Yet even under such conditions, the Churches preserved a fundamental
equality—on the basis of an ancient custom.
The principle of
equality in the spirit of conciliarity in the mutual relations of the ancient
Churches must also be applied within the family of Autocephalous Churches that
appeared in later periods.
In the period from
2018 onward, at the height of the spread of the theory of the primacy of the
Patriarch of Constantinople, a series of uncanonical judicial decisions were
issued, which caused harm primarily to the integrity of the Russian Orthodox
Church. From a moral standpoint, the supreme judge in the Church—if such a
position were possible—would have to bear responsibility for the fate of global
Orthodoxy, presenting through his own person a flawless example of truth.
However, as the
situation in Ukraine has demonstrated, the extra-territorial judicial actions
of the Patriarch of Constantinople worsened an already complex situation.

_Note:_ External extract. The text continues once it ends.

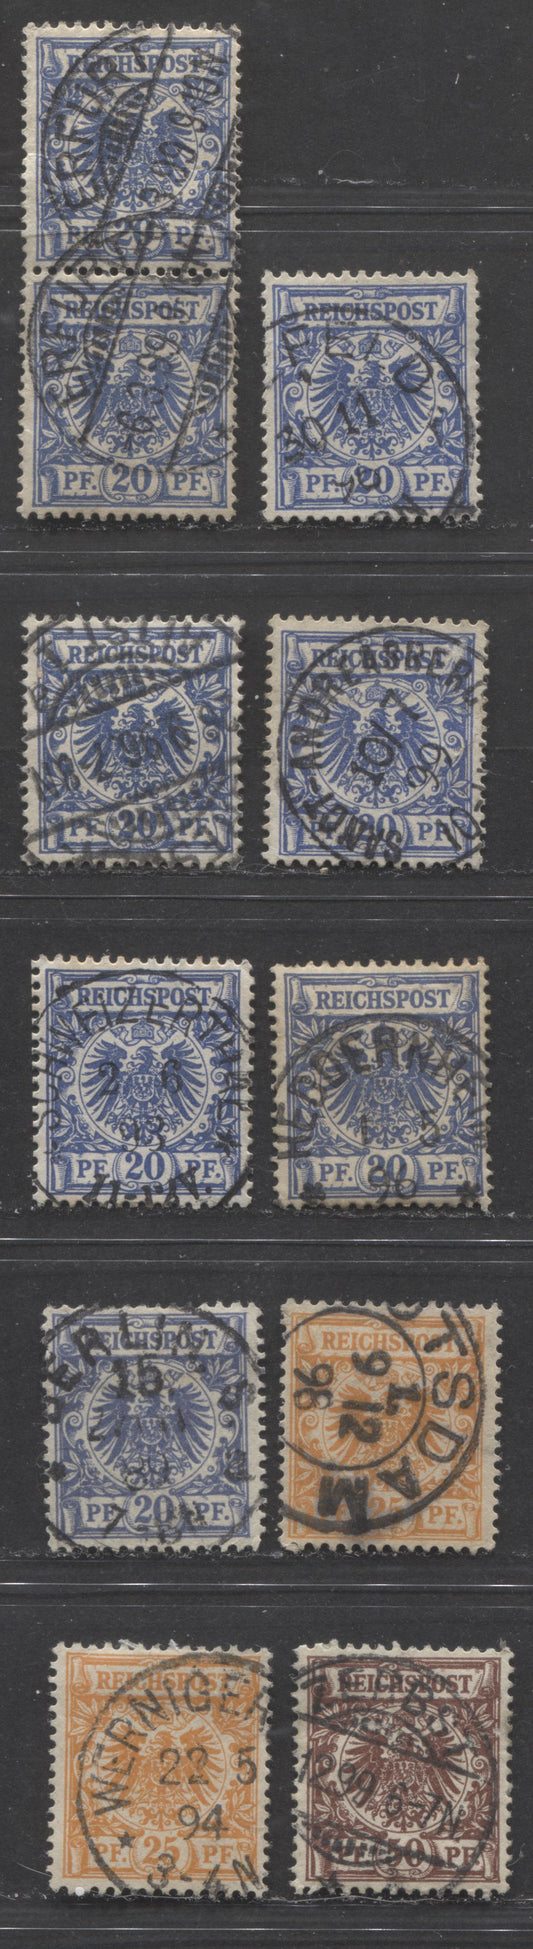 Lot 431 Germany SC#49/51 1889-1900 Numeral & Eagle Issue, All With SON Town Cancels, 9 VF Used Singles & Pair, Click on Listing to See ALL Pictures, 2022 Scott Classic Cat. $

The
persecutions of Christians belonging to the canonical Church in Ukraine, the
seizures of monasteries and churches, and in certain cases the sacrilegious
treatment of sacred things, proved to be the result of the implementation of
the measures of the Patriarch of Constantinople, including judicial ones. His
appropriation of the right of the supreme court led to hatred, intensification
of strife, and schism—not only in Ukraine but also in the global Orthodox
world.
4.
Only the Patriarch of Constantinople Can Grant Autocephaly
In contemporary
ecclesiastical and canonical science, Churches are distinguished as either
Autocephalous or Autonomous. Autocephalous Churches are completely independent,
whereas Autonomous Churches possess limited autonomy and are connected to the
Mother Church that endowed them with specific rights. Supporters of the theory
of the primacy of the Patriarch of Constantinople insist on a fundamental
distinction between the ancient Churches of apostolic succession and those
Churches that were established in the Middle Ages or in the modern era—namely,
the Autocephalous ones. According to their position, the “Autocephalous”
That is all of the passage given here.